Napoleonic War: Although it was not the first event, the rise of Napoleon after the French Revolution was a serious issue for the world and would become one of the causes of the War of 1812.
It threw all of Europe into a long war that moved to a global stage when the two world powers began to fight over the colonies.
However, the Napoleonic Wars caused both European powers to become more aggressive against the United States.
The XYZ Affair: A diplomatic incident that resulted in the Quasi-War with France during the Adams Administration. Most likely the result of the United States accepting the Jay Treaty, which posed restrictions on United States trade with France.
Series of Embargo Acts: Thomas Jefferson imposed an Embargo Act in 1807, which ruined the American economy. The Embargo Act was unpopular and was modified repeatedly to put pressure on Great Britain by blocking American imports.
It only hurt the American economy. Jefferson’s mess was left to be cleaned up by James Madison.
1804 treaty between Quashquame and William Henry Harrison: A treaty known as the Treaty of St. Louis was signed by William Henry Harrison and Quashquame. Quashquame represented the Sauk and Meskwaki tribes. The treaty hurt relations with the Sauk Indians causing most to side with the British during the War of 1812.
Violation of American Sovereignty
The United States was only 20 years old when the War of 1812 broke out and even though an entire ocean separated them from Europe they found it difficult to be recognized or taken seriously by other European nations. Nations did not respect American sovereignty and often violated it.
Impressment: Great Britain and France both impressed American sailors in the late 18th and early 19th centuries. The British were much more aggressive and it became a serious issue for many American leaders.
It was clear that the British were flexing their Naval power and violating American sovereignty. Impressment is one of the ways that the British Royal Navy recruited and built their navy. It would become one of the main causes of the War of 1812.
Chesapeake-Leopard Affair: The affair was a quick naval engagement off the coast of Norfolk, Virginia. The British warship HMS Leopard and the American frigate USS Chesapeake engaged in a short battle when the Leopard pursued, attacked, and then boarded the Chesapeake.
The British commander boarded and looked for Royal Navy deserters. Four men were taken from the Chesapeake and were tried with one being hanged for desertion. This event was one of the primary causes of the War of 1812.
American expansion was part of the American mindset during the 19th century. After the Revolution, pioneers continued to blaze trails and found new towns. Thomas Jefferson bought the Louisiana Purchase which doubled the size of the nation and allowed more pioneers to push further west.

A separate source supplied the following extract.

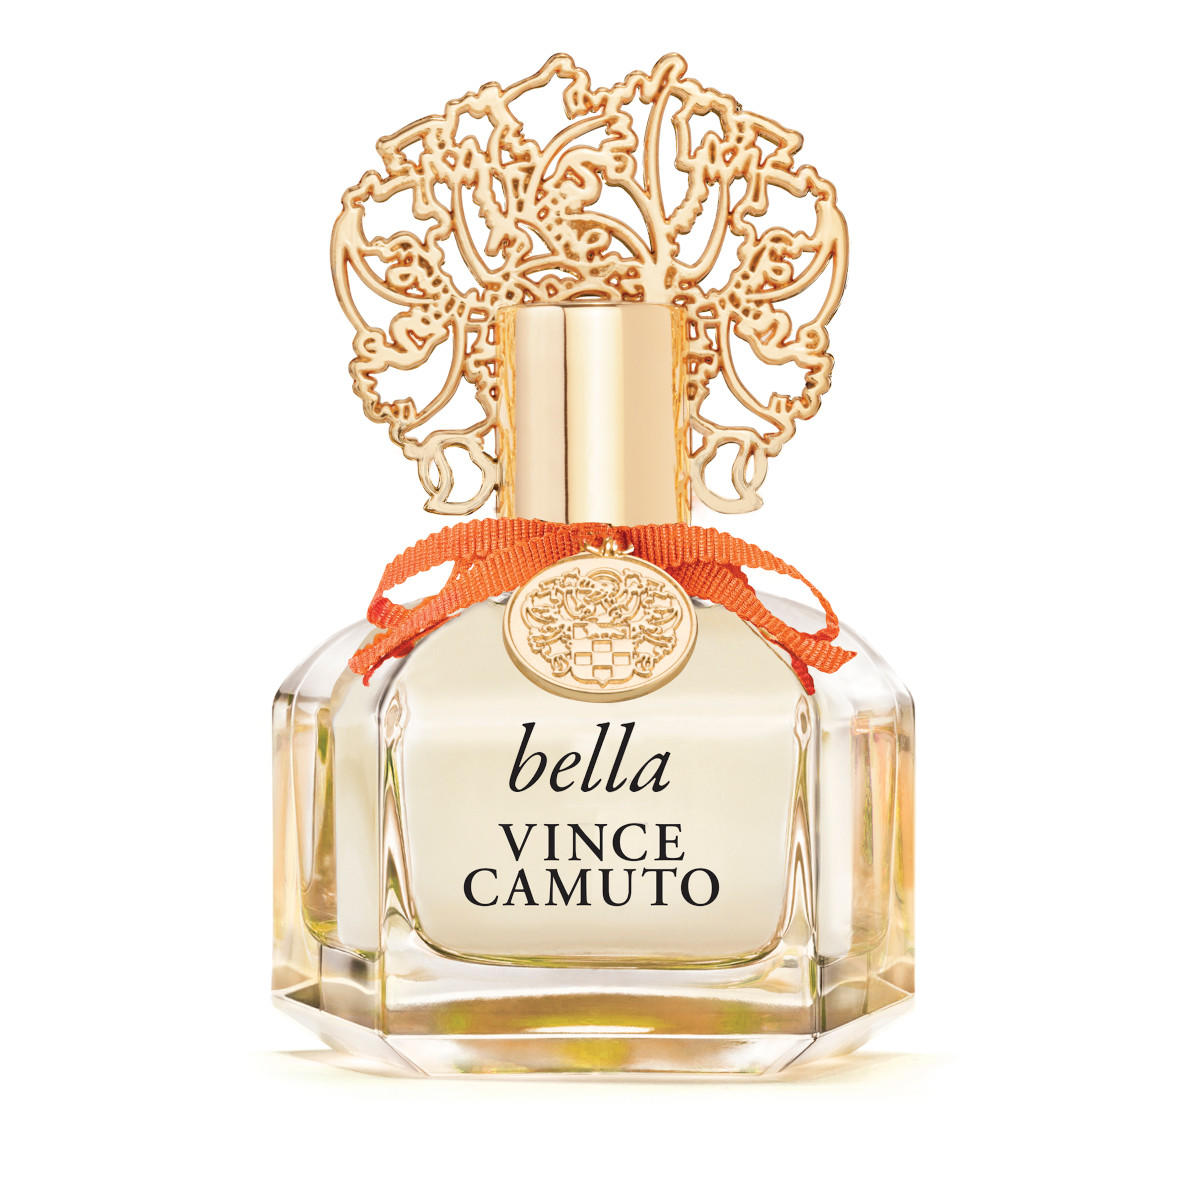 Vince Camuto Bella Perfume Travel

American’s believed that the entire continent was theirs to be had, which included the land that belonged to the Indians and even British Canada.
British Canada: Canada had always been something that the Americans wanted ever since Benedict Arnold led the Invasion of Canada during the American Revolution.
With Great Britain embroiled in a global conflict with France, their resources were stretched and Americans saw an opportunity to push the British out of North America.
Britain’s Support of Native Indians: After the Revolution, Great Britain did not remove many of its forts located on the frontier.
They often supplied Indians with ammunition to halt any expansion into the new territory. This was a violation of the Treaty of Paris that was signed after the American Revolution ended.
Louisiana Purchase: The purchase doubled the size of the nation and sent pioneers west to settle more towns. The result was that the Natives that owned the land were now being pushed or forced to share their land with American settlers.
Many of these fringe settlements suffered massacres and Indian raids. While the nation doubled in size, its relations with the Native Americans continued to crumble.
President Thomas Jefferson's Second Term
His idealism and loyalty to France caused much friction between the United States and Great Britain.
The rise of Napoleon also shattered his idealistic notions that surrounded the French Revolution as some sort of offshoot of the American Revolution.
His economic sanctions on his own country crippled the economy and his de-arming of the military and his use of gunboats for the defense of America did little to intimidate the European powers.
When James Madison took over the Presidency he inherited a weakened military and a nation that had doubled in size.
Jefferson’s administration had terrible relations with England, France, and the Native Americans but hardly a military to combat them. The nation was ill-prepared but hungry for war.